I\'ve been examining the code of CodeIgniter and CakePHP and I noticed that some of the methods in their classes are prefixed with an underscore _
or a double u
The methods that start with __ are magic methods which get called automatically in php. for more reference , check,
http://php.net/manual/en/language.oop5.magic.php
These are Magic Methods in PHP classes:
The function names
__construct, __destruct, __call, __callStatic, __get, __set, __isset, __unset, __sleep, __wakeup, __toString, __invoke, __set_state
and__clone
are magical in PHP classes. You cannot have functions with these names in any of your classes unless you want the magic functionality associated with them.
A method with one underscore has no special meaning. This is more likely some coding convention of the projects.
In the case where it is not any of PHP's magic methods, it is to indicate Visibility in lack of proper Visibility keywords:
Cake Coding Conventions:
As we cannot use PHP5's private and protected keywords for methods or variables, we agree on following rules:
- A protected method or variable name start with a single underscore ("_").
- A private method or variable name start with double underscore ("__").
CodeIgniter conventions:
Methods and variables that are only accessed internally by your class, such as utility and helper functions that your public methods use for code abstraction, should be prefixed with an underscore.
I'm not familiar with CakePHP or CodeIgniter, but I think they should be regarded as protected
or private
for non-CakePHP classes. They are probably public
as they can be called from other classes, making some kind of hack. Please note that __get
, __construct
and other magic methods (as noted above) exists in PHP.
In Codeigniter, methods within controllers can normally be called as part of the url so you might call the method "index" in controller "main" as follows:
mysite.com/main/index.
You might also have a method within your controller that you don't want someone to be able to call as a segment in the url, so you would prefix it with a "_" (single underscore) .. that is different than making it private. Private methods are only callable within the class where it is defined. So a controller method could be prefixed with an underscore which would make it uncallable as a url segment and it could also be declared private which would make it uncallable from other classes.

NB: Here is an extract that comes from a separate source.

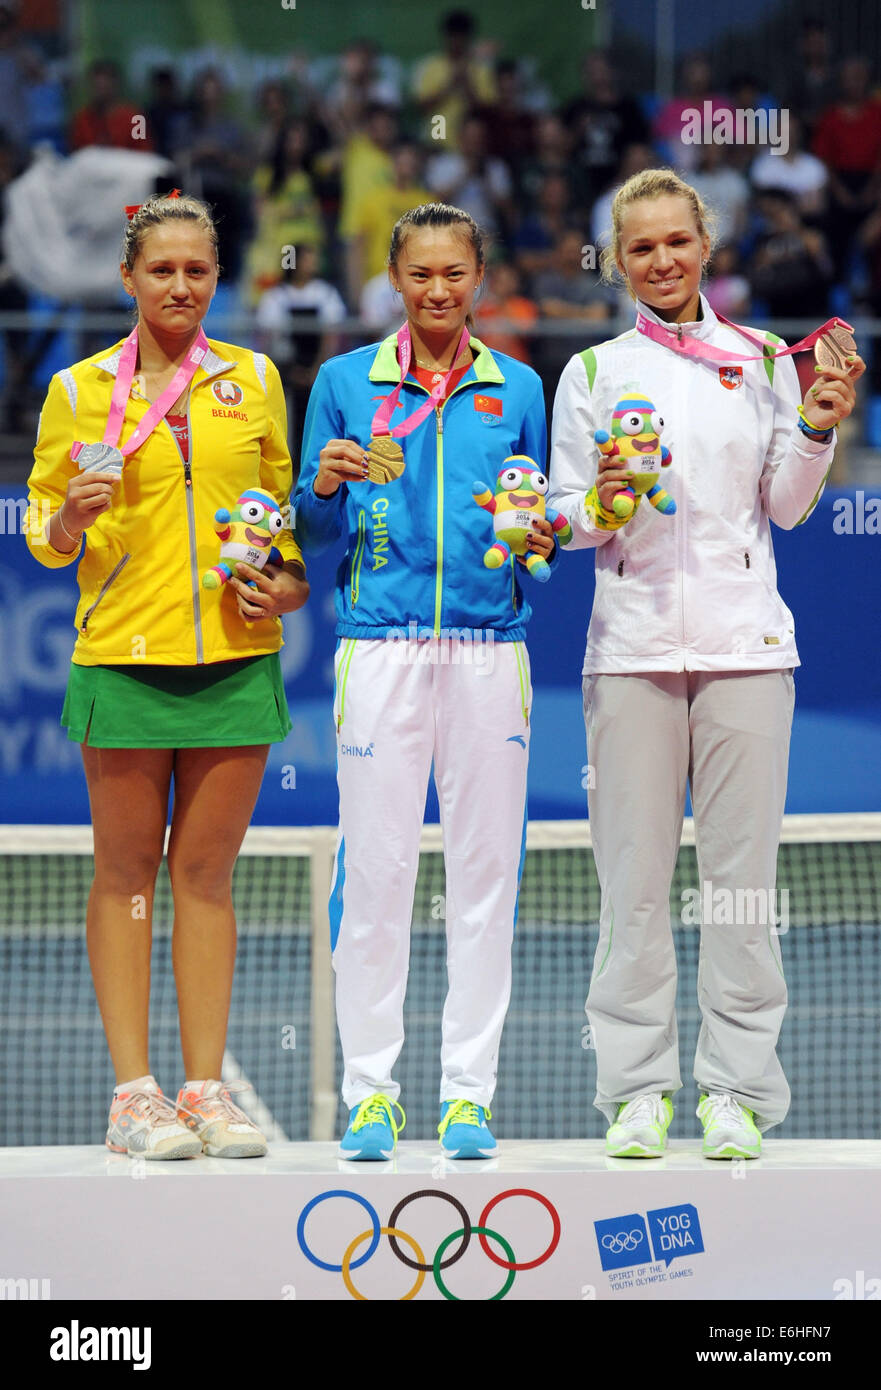 Nanjing, China's Jiangsu Province. 24th Aug, 2014. Gold medalist Xu Shilin of China(C), silver medalist Iryna Shymanovich of Belarus(L) and bronze medalist Akvile Parazinskaite of Lithuania pose on the podium during the awarding ceremony of the Women's Singles tennis match at Nanjing 2014 Youth Olympic Games in Nanjing, capital of east China's Jiangsu Province, on Aug. 24, 2014. Credit:  Chen Yehua/Xinhua/Alamy Live News Stock Photo

I have a use case for this that is my own preference. I will often write traits that are intended to honor a specific interface, although since traits cannot directly implement an interface, I will designate which interface the trait satisfies in the doc block comment, and prefix protected and private methods that are not related to the interface with a single underscore. This lets you pretty easily follow which methods are provided to satisfy the contract (interface), and which are supporting methods. Eg:
interface Foo {
public function bar(array $args = null, array $flags = null);
}
The trait below's purpose is to satisfy the requirements of the Foo
interface, but only one of it's methods are needed to do so. For clarity, the protected methods are prefixed. Even if they are made public by extension later, this still indicates that they are not contractually dependent by interface, and should not be assumed to be anything relevant.
/**
* @satifies Foo
*/
trait FooTrait {
public function bar(array $args = null, array $flags = null) {
$this->_handleArgs($args);
$this->_handleFlags($flags);
}
protected function _handleArgs(array $args = null) {
if (is_null($args) {
return;
}
//do something with the args
}
protected function _handleFlags(array $flags = null) {
if (is_null($flags) {
return;
}
//do something with the flags
}
}
You can then satisfy the interface by implementing it on a class and using the corresponding trait with no additional work.
final class ConcreteFoo implements Foo {
use FooTrait;
}
This keeps things very loosely coupled, and makes it possible to pretty easily integrate with other classes from other libraries or frameworks that do require a chain of inheritance without having to convolute your logic with a bunch of adapter classes.
My IDE (Netbeans) grumbles about this as a violation of PSR-1. As PSR-1 does not directly affect execution and it is arguable as to whether this is a more readable approach or not, I could really care less. I do try to follow all of the PSR's that directly affect execution though.